This article provides answers for InVision V7. If you're using V6 of InVision, check out this article instead. Not sure which version you're using? Find out now.
Getting set up to use Microsoft's Azure Active Directory SSO with InVision V7 involves three primary tasks:
- Add InVision as a new application in Azure
- Configure the InVision application in Azure
- Configure Azure in InVision V7
This document walks you through the process.
We recommend that these steps are completed by your IT team or an IT Manager.
Add InVision as a new application in Azure
To add the InVision app in Azure, follow these steps in this article.

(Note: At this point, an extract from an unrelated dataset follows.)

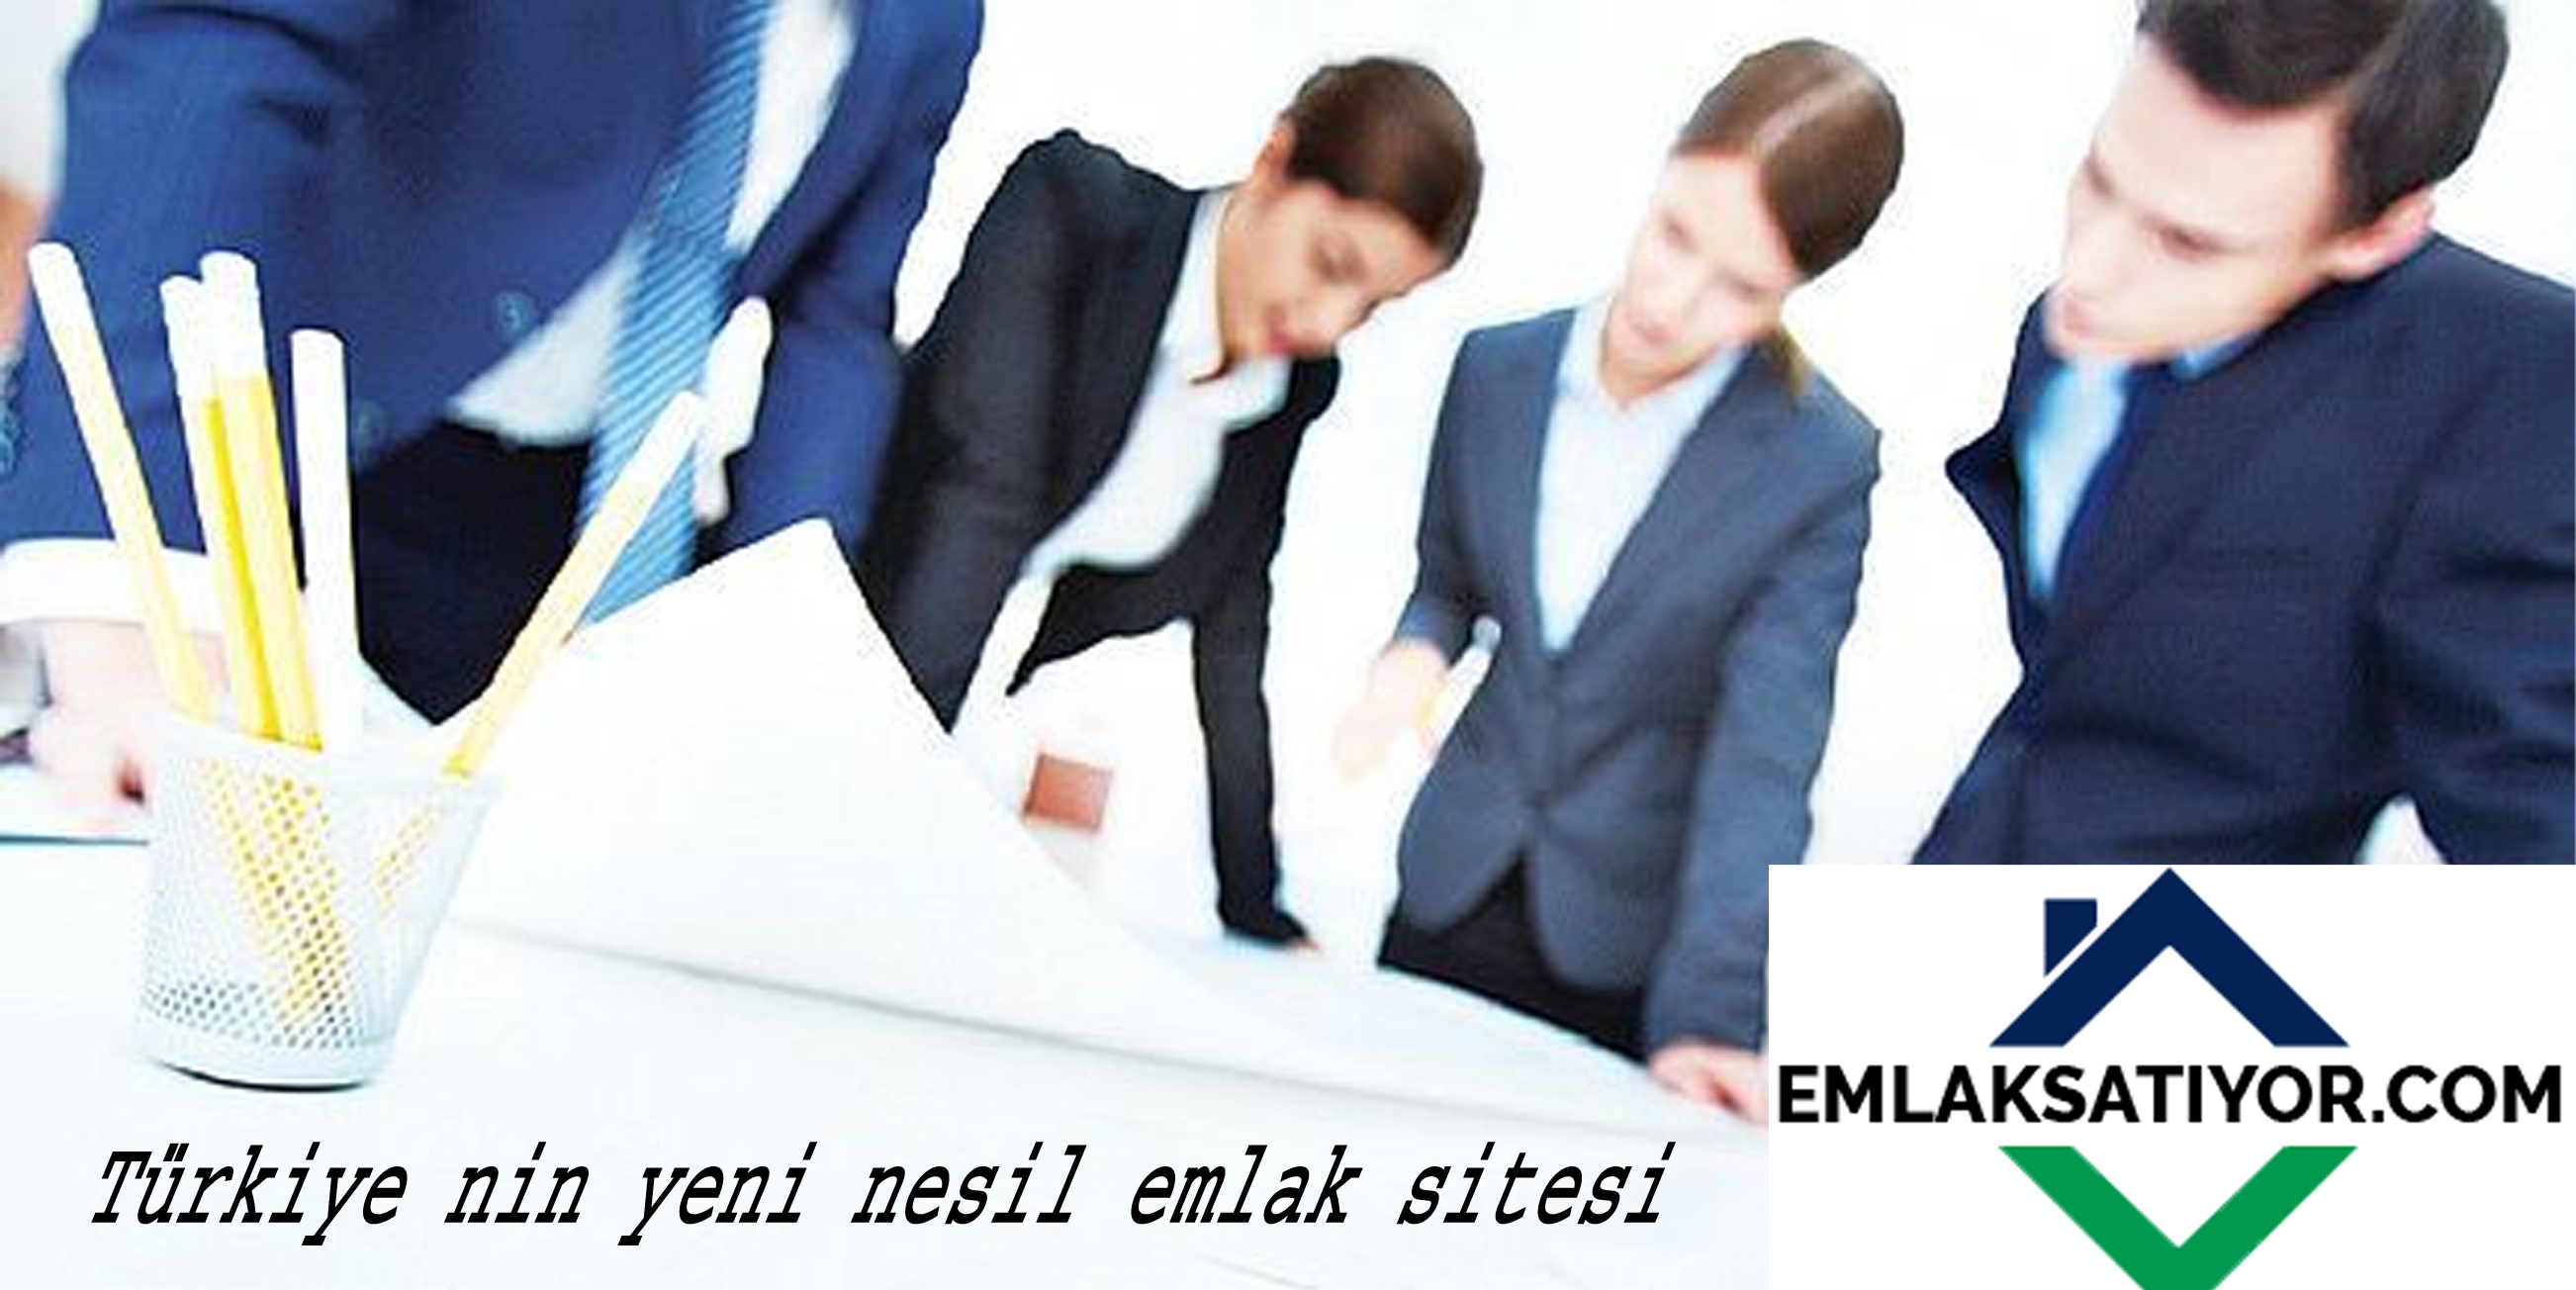 Türkiye'nin en güncel ve güvenilir emlak ilanları, sektörlere dair tüm gelişmeleri takip edebileceğiniz

Configure the InVision app in Azure
To configure and enable the InVision app in Azure:
- Open the InVision app and, in the Manage section, select single sign-on.
- On the Select a single sign-on method page, select SAML.
- To the right of Basic SAML Configuration on the Set up single sign-on with SAML page, click the pen icon and edit the settings.
For detailed instructions on editing these SAML configuration settings in Azure, check out the "Configure Azure AD SSO" section of Microsoft's related Help article. - In the SAML Signing Certificate section of the Set up single sign-on with SAML page, next to Certificate (Base64), select Download and save the certificate to your desktop (or wherever you can easily find it later).
- In the Set up InVision section, copy the URLs next to each of these labels:
- Login URL
- Azure AD Identifier
- Logout URL
Once you've completed these steps in Azure, you're ready to open your Enterprise team settings in InVision V7, where you'll add the details you saved in steps 4 and 5.
Configure Azure in InVision
To perform this action, you must be an owner or admin on the Enterprise account.
With InVision V7, you can configure Azure directly from your team settings.
To configure Azure:
- Sign in to your InVision Enterprise here:
your-team-name.invisionapp.com - In the lower-left corner, select the [Your Team Name] dropdown, and then select People & Team settings.
The Team page opens with the People tab active. - Click the Settings tab, and then select Single sign-on.
- Turn on Require SSO for every member of [your Enterprise team].
- With the information provided in Azure’s Identity Provider metadata file and/or the Azure admin portal, complete the fields on the SSO settings page:
- Name: Set any name you want for the configuration.
- Sign-in URL: Enter the Login URL you saved in step 5 of the "Configure the InVision app in Azure" section.
- Sign-out URL: Enter the Logout URL you saved in step 5 of the "Configure the InVision app in Azure" section.
- SAML Certification: Enter the certification provided in the
ds:X509Certificateattribute of the metadata file. - Name ID Format:
urn:oasis:names:tc:SAML:1.1:nameid-format:emailAddress - HASH Algorithm: SHA-256
- SSO Button Label: Set any text you’d like for the SSO button that appears when signing in.
- Click Update.
Now when any user attempts to sign in to your InVision V7 subdomain, they will be prompted to use SSO with Azure.